Mission organizations advocating the rights of the poor, industrial workers, farmers, the urban poor and pollution victims also suffer constant pressure from the powers-that-be. Evangelistic work among the workers, for example, is tolerated, but education, conscientization, organization and advocacy of labor rights are not. In fact, there is now a legal provision to prevent any influence by so-called third parties, for example, Christian mission organizations, in labor disputes. This restricts the mission of the churches among the workers. Mission organizations which act for the workers are branded by the public media as "impure elements" or "pro-communist groups" in an attempt to isolate the churches’ mission among the workers from public opinion.

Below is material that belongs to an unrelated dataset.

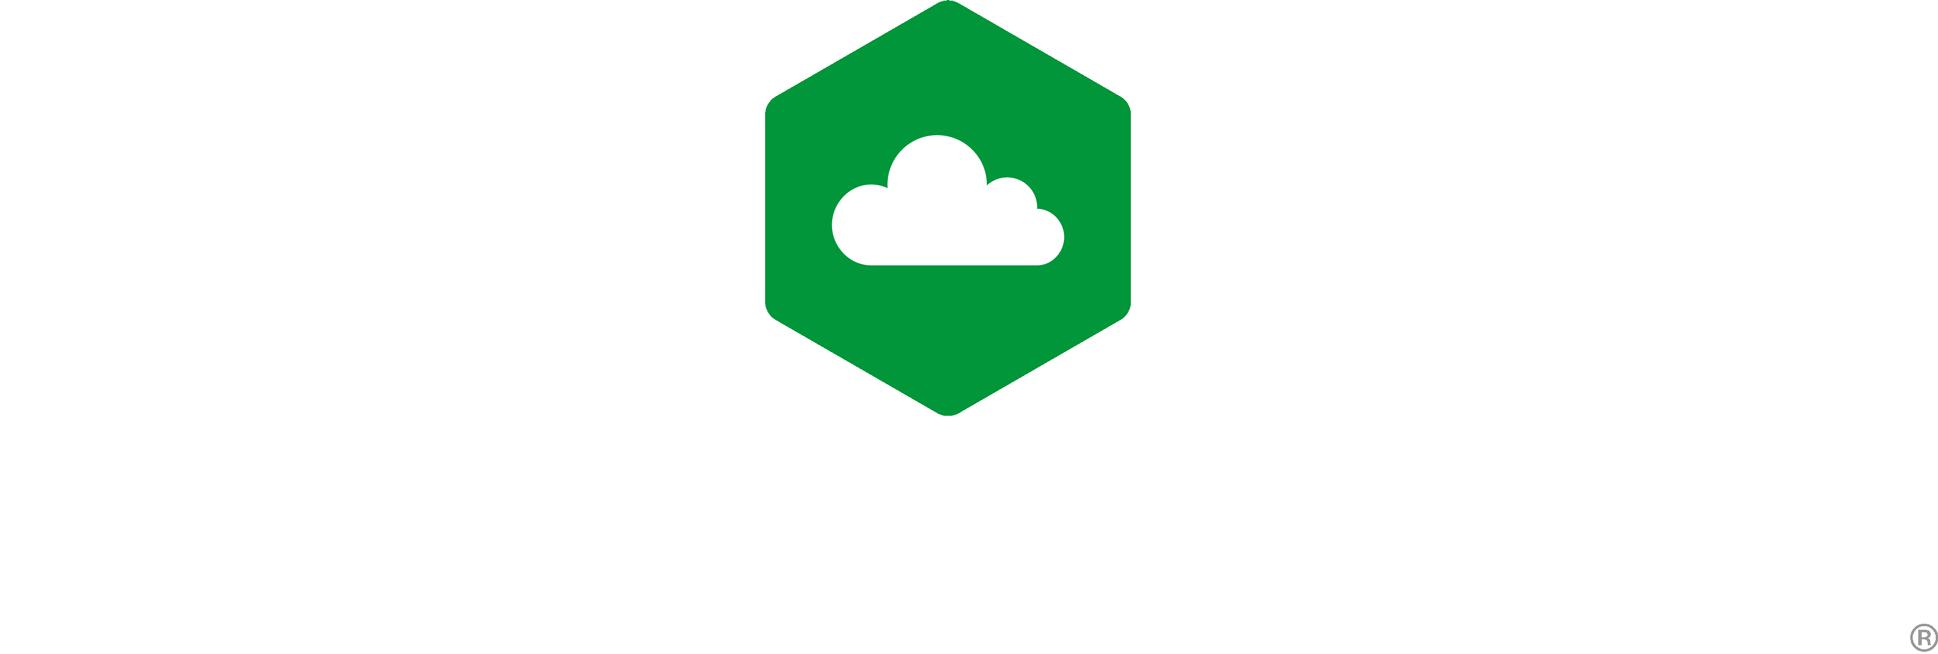 Logo des NGINX F5 DNS Cloud Services als Teil des NGINX Produktportfolios

Christian mission among students and intellectuals is also persecuted. Christian student groups on campuses are free to do evangelistic work; but as soon as they show concern for human rights or other socio-political issues, their activities are harassed and restricted. The Korean Student Christian Federation and its activities are under a defacto ban on campus. Activities by Christian intellectuals, including study and research, the collection of materials, writing and publication, are also under constant pressure from the authorities, and theological work comes under public attack for any content dealing with socio- economic, political or cultural issues.

Numerous cases can be cited. The persistent violation and restriction of religious freedom is related to the involvement of religion with social issues - an involvement based on religious convictions. The Korean church refers to this question as the "problem of freedom of mission." Traditionally, the mission of the Church was understood primarily as evangelistic activities. In the Constitution of the Republic of Korea, religious freedom is upheld: public worship, prayer and other religious activities, such as religious propagation, are freely permitted. However, those religious convictions and practices that call for support of human rights and the social and cultural rights of the people are restricted and under constant pressure. This is the consistent pattern of violations and restrictions of the freedom of religion in Korea in recent years.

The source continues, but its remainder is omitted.